Here is my first attempt at a youtube video. It's not the best but its a start. I still can't edit the video because I can't open it but what can you do. I'll figure more out as I go. Here is the video:




I tried to change the music on it but don't think it worked. There's always tomorrow.


----------



## a1Jim (Aug 9, 2008)

Great video and remarkable cabinet and stand. very well done.


----------



## degoose (Mar 20, 2009)

If I am not the first to comment it is because I watched the video…
This is so dramatic… the music the way the video flows… the construction technique…everything is just right…
I love it…congratulations…
Edit .. as usual… A1Jim was there first.


----------



## TopamaxSurvivor (May 2, 2008)

That is one heck of a cabinet!!


----------



## twokidsnosleep (Apr 5, 2010)

Dude it is Coldplay, that is great music to accompany your video.
The cabinet is stunning with great form and shape. I like the inset detailing and the rose.
What will it be used for?? a letter desk maybe?


----------



## sbryan55 (Dec 8, 2007)

Keith, you produced a nice video and the cabinet is stunning. Great job on both of them.


----------



## alba (Jul 31, 2010)

That is soo nice.
Video is good to.
Jamie


----------



## LeeJ (Jul 4, 2007)

Keith;

GREAT job on both the video and cabinet!

Lee


----------



## Eric_S (Aug 26, 2009)

Beautiful cabinet Keith!


----------



## Maggiepic (Aug 26, 2010)

Wonderful craftsmenship. Well done on the video.


----------



## mafe (Dec 10, 2009)

What a beautiful cabinet.
Deeply impressed.
The video is fine. You can work on a better background, and a beautiful womans hand to open the drawers, and not one of our harry man arms sticking in… LOL.
Really cool, thank you for sharing this,
Mads


----------



## Bothus (Sep 14, 2009)

Great job on the video and excellent craftsmanship on the cabinet.

Jerry


----------



## CharlieM1958 (Nov 7, 2006)

The cabinet is fantastic, and the music is great too.

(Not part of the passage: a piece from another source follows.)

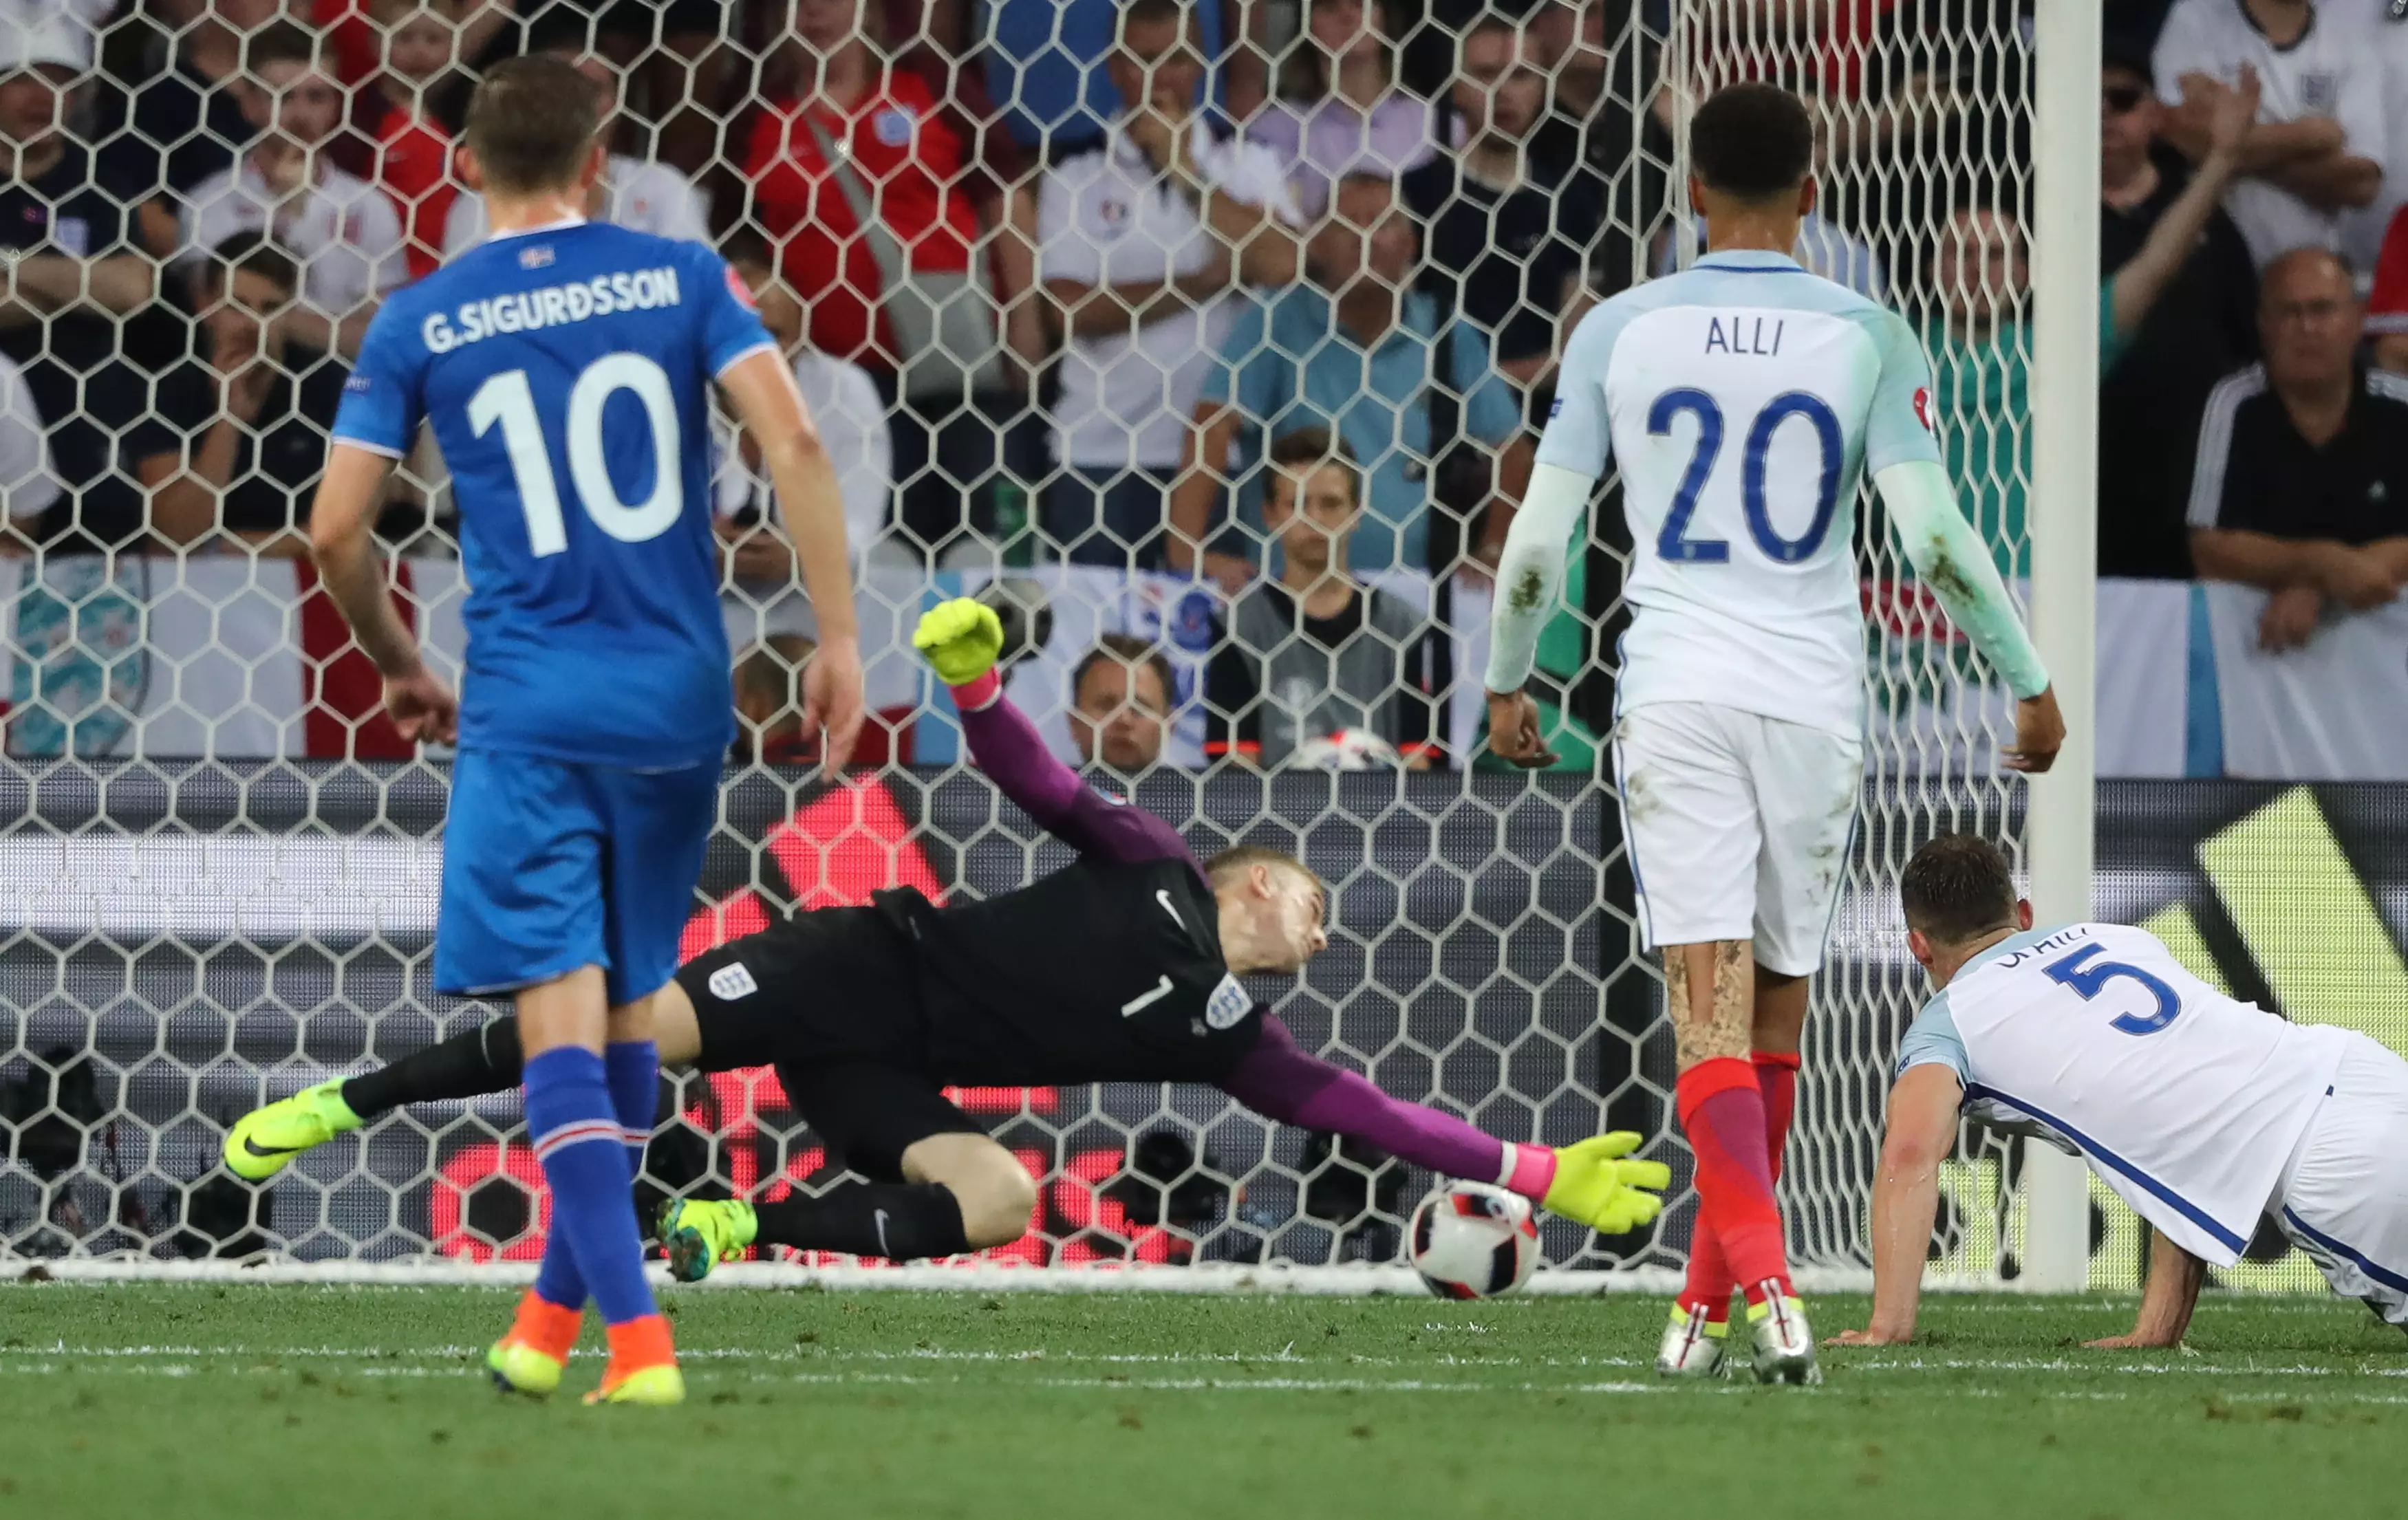 Hart's performance against Iceland was widely criticised. Image: PA Images
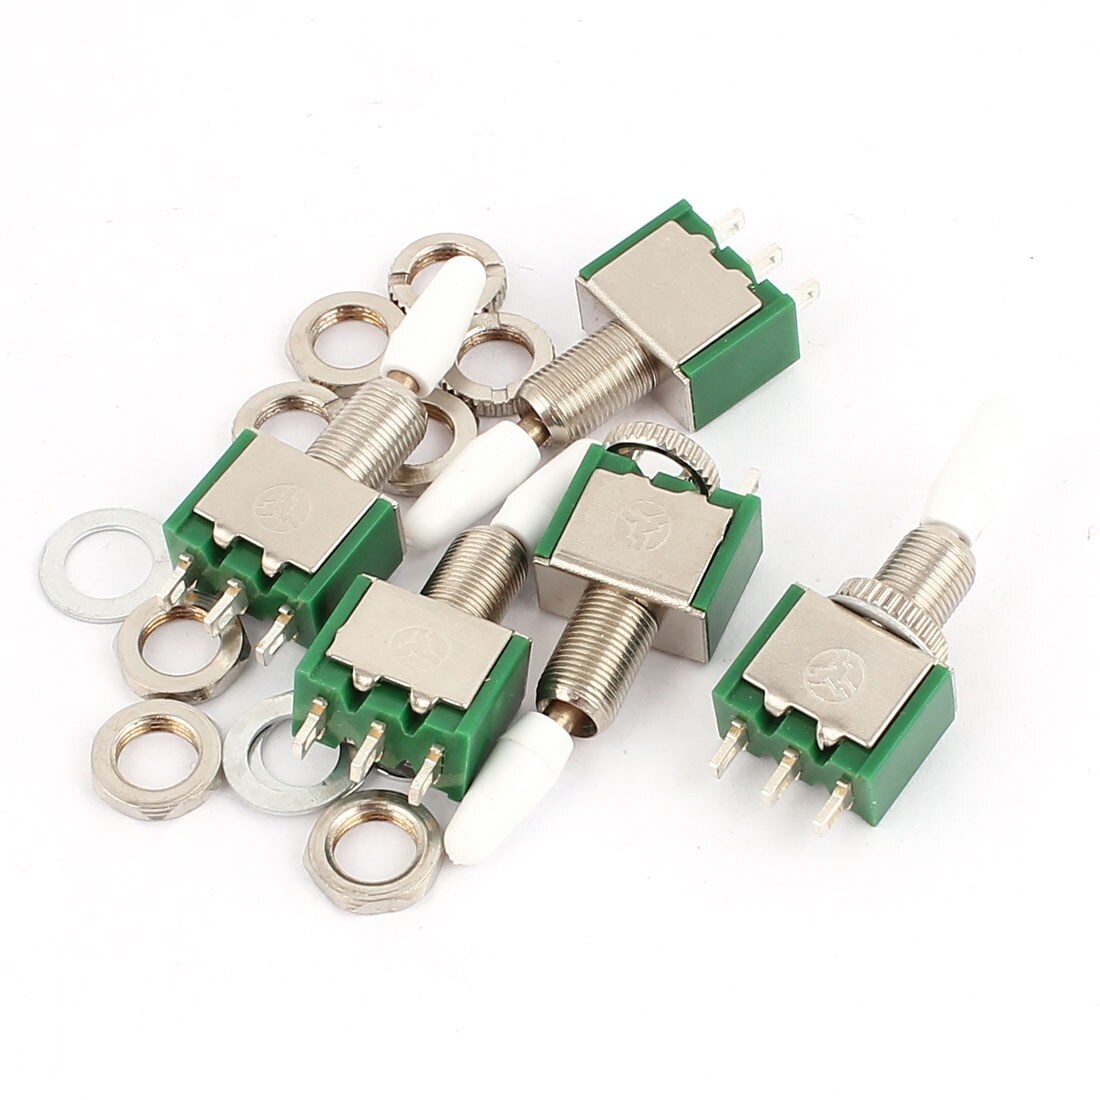 5PCS AC ON/OFF SPDT 2 Position Latching Toggle Schalter Useful New

The only constructive criticism I have is that your panning needs to be a bit more fluid, and you need to get set up with some editing software so you can add some fades and crossfades. That is the only thing lacking to make this look totally professional.


----------



## wchips (Dec 11, 2009)

Buitiful cabinet.Great job. could not make a better vidio myself


----------



## boboswin (May 23, 2007)

Good job Keith , all the way around. I love to see talent like that applied to wood.


----------



## mtnwild (Sep 28, 2008)

WOW, love it all!

You are sooo good! That is some great design and craftsmanship. I'm impressed and pleased to see such work. Thanks for sharing, cool man…................


----------



## Benighted (Jul 26, 2010)

Nice video, and a beautiful cabinet. You really get a sense of the depth of the wood when showing it on a video. Thanks for the inspiration.


----------